To try to overcome this issue, in [6] the multidimensional domain of the silencer was coupled with a one-dimensional

long outlet pipe having an anechoic termination. Similarly, in [3] silencers were modeled with long inlet and outlet pipes

in three dimensions, to allow the reflected waves from the inlet and outlet boundaries to arrive at the monitoring points at

a time after which all the necessary acoustic data were recorded. In this latter case, the long pipes cause a significant

increase of the number of computational cells and, therefore, the computational time required by the simulation becomes

higher. A more efficient methodology, compatible with common computer resource limits, consists in removing the

computational domain that is not of primary interest (long inlet and outlet pipes for instance). In this case, the number of

computational cells is much lower and the accuracy of unsteady flow calculations strongly relies on the treatment of

boundary conditions.In most of the CFD codes, the non-reflecting boundary conditions attempt to set the instantaneous

value on the boundary as consistent as possible with the value of the incident pressure wave, to create a tendency towards

the undisturbed pressure value p1 defined over an ideal surface, located at an arbitrary distance L1 from the boundary.

The larger the value of L1, the further the boundary condition will deviate from p1. On the other hand, the smaller is the

value of L1, the more reflective the boundary tends to be.

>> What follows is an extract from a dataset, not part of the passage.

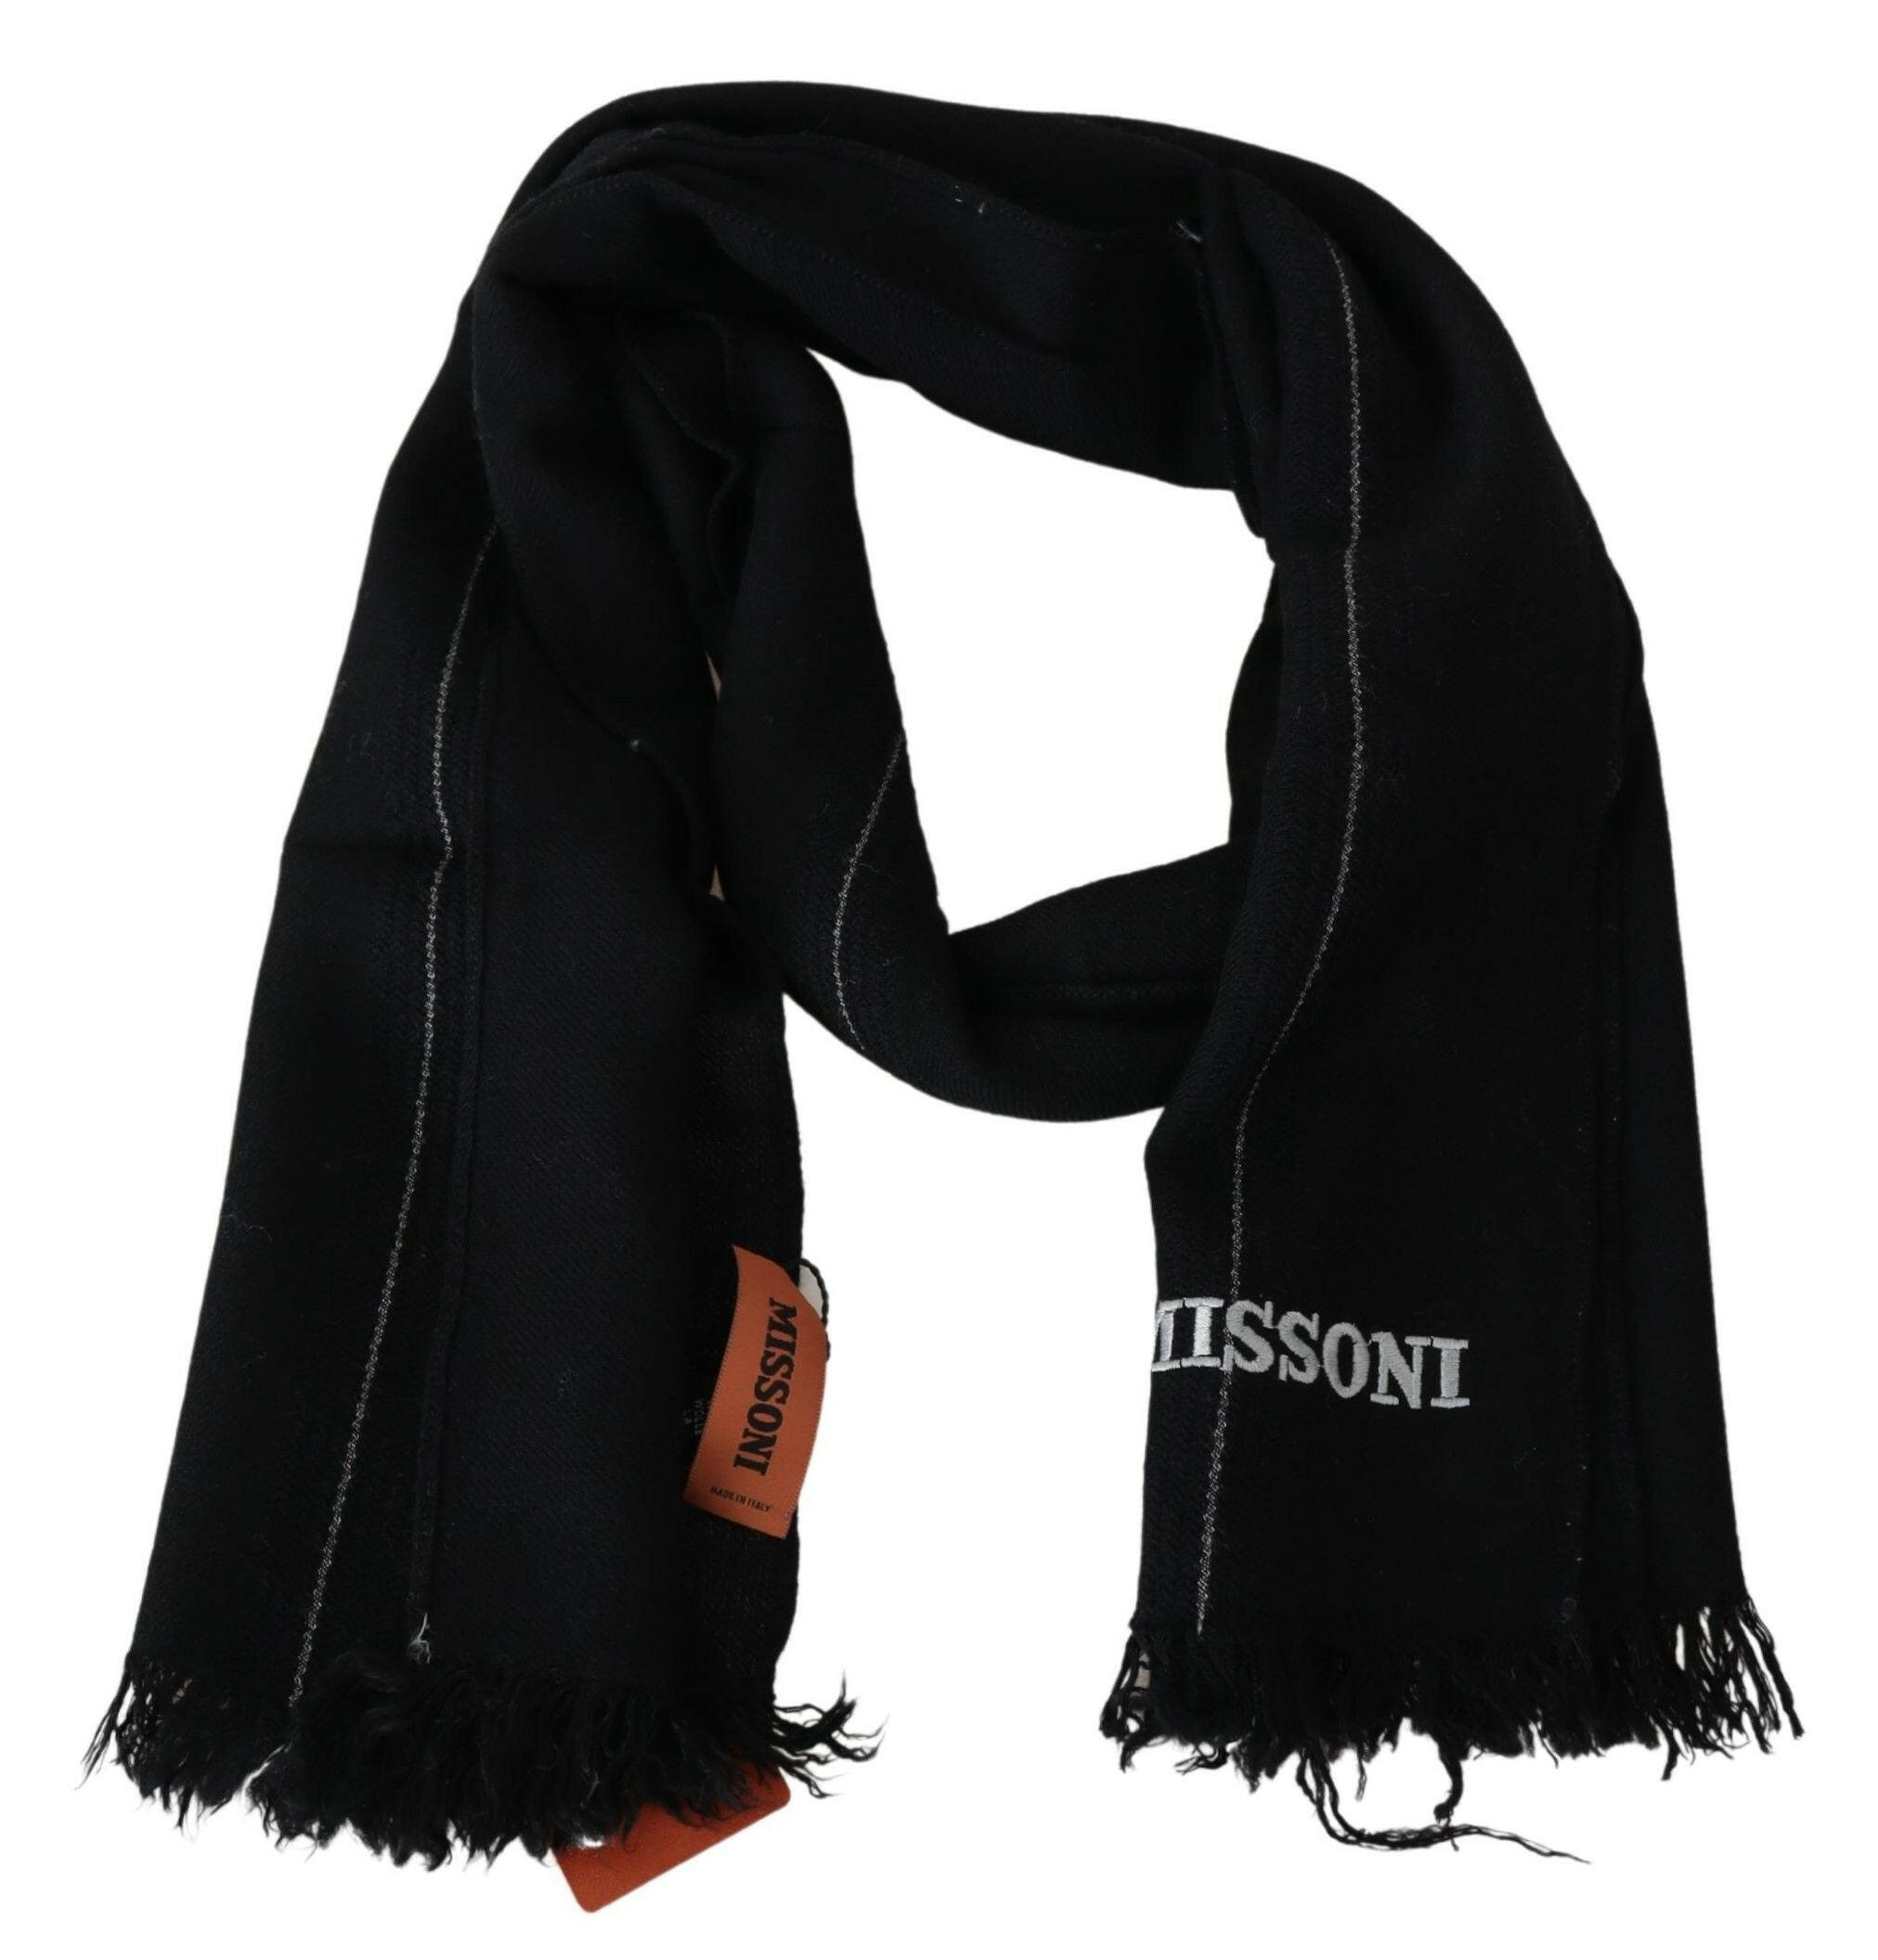 Missoni Black 100% Wool Unisex Neck Wrap Shawl Fringes Scarf - GENUINE AUTHENTIC BRAND LLC

The cut boundaries may cause artificial wave reflections, that

appear as high frequency noise in the instantaneous pressure and velocity traces. In authors’ experience, the applicability

of the far-field boundary condition for calculations of the transmission loss is still valid up to a frequency of about 1600–

1800 Hz, depending on the complexity of the configuration. This is also confirmed by the results shown in [2].

In this work, in order to extend the reliability of the multidimensional nonlinear approach to a wider frequency range,

the anechoic termination has been modeled by a non-reflecting outflow Navier–Stokes characteristic boundary condition

(NSCBC) for the numerical solution of the time dependent compressible Navier–Stokes equations. The boundary condition

has been implemented by the authors in an open-source CFD code [7] and it has been tested together with a time

dependent compressible fully parallel Navier–Stokes equation solver. The original local one-dimensional inviscid relations

(LODI) in Cartesian coordinates presented in [8] have been extended to local coordinates and have been solved by a

multistage time stepping scheme. A formulation of the linear relaxation term, which should appear fully non-reflecting to

plane acoustic waves with normal incidence on the boundaries for all frequencies, has been tested.

The paper is organized as follows: the mathematical formulation of the NSCBC and the implementation of a non-

reflecting condition to achieve a well-posed problem are discussed. Then, the performance in duct acoustic application is

analyzed, by using a wave splitting method based on characteristic analysis. Finally, the boundary condition together with

a nonlinear solver has been applied to predict the acoustic attenuation performance of silencers with zero and non-zero

mean flow velocity of the gas. Conclusions are given in the final section.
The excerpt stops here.